Note: the above code first creates a simple data.frame, purely to provide a working example. You are familiar with the rnorm functions, and it is fairly easy to interpret the paste0 function by looking it up. Run this code, and examine the data.

Next, we create a new vector called keep. The key here is that we are grabbing a few random letters to keep as labels. This is for ILLUSTRATION, and in your actual k-means analysis, you’d want to justify the labels you choose to show on your plot.

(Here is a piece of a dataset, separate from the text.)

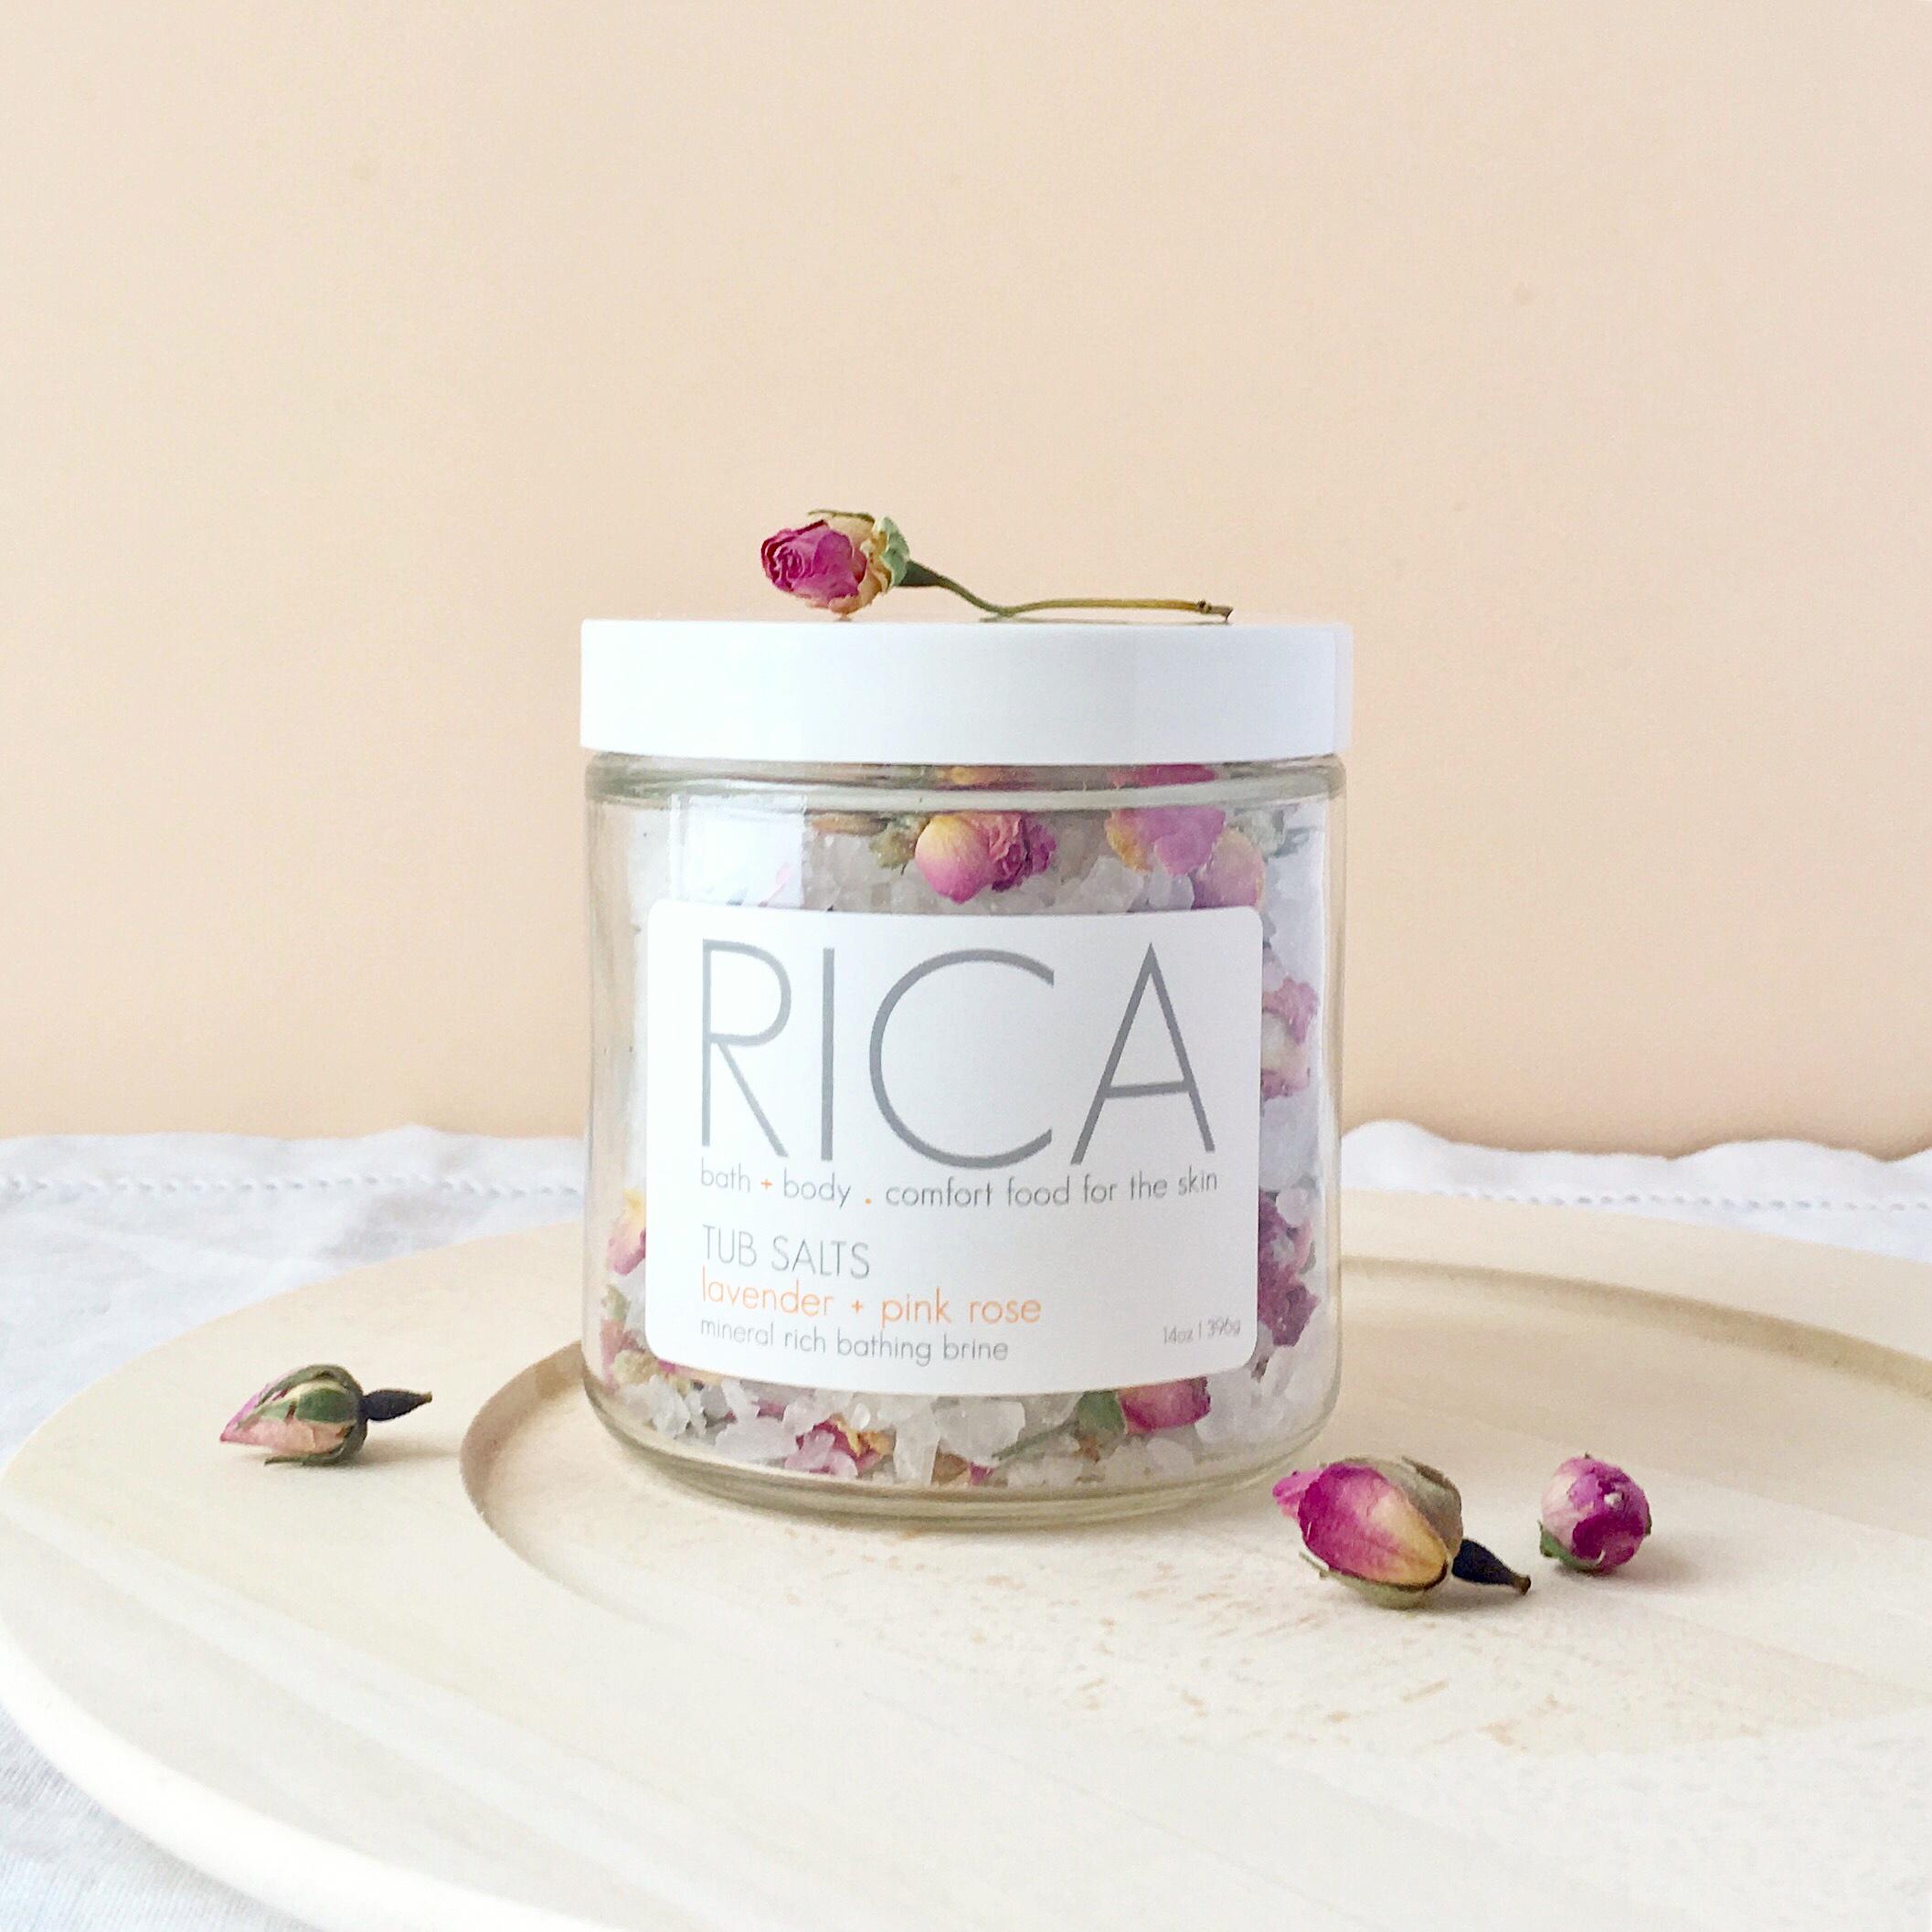 Tub Salts Lavender + Pink Rose

Finally, we are able to subset the original vector in our data that contains information for labeling, in this case cntries. This is the heart of the working example, the goal was to show you how you can keep some labels, while setting the others to ‘blank.’

# practice
polData74_labels<-polData74
vec = c("Mexico", "Sweden", "Ecuador", "Burkina Faso", "Iran", "Syria", "Pakistan", "United States")
polData74_labels$X<-as.character(polData74_labels$X)
polData74_labels$X[which(!polData74_labels$X %in% vec)] = ""
polData74_labels$X

ggplot(polData74_labels, aes(x=TYPE3, y=XROPEN, label = X, color = clusters3)) +
    geom_jitter() +
    geom_text_repel(hjust = 0, nudge_y = -.6, segment.alpha=.2, show.legend=FALSE, size=3,
                    segment.size =.3) +
    labs(x="Internal Conflict", y="Closed v. Open Leadership Change") +
    theme_bw()

The code above could use further tweaking for an even more compelling graphic, but it demonstrates how you can minimize the amount of noise in your plot by choosing only a few labels to print.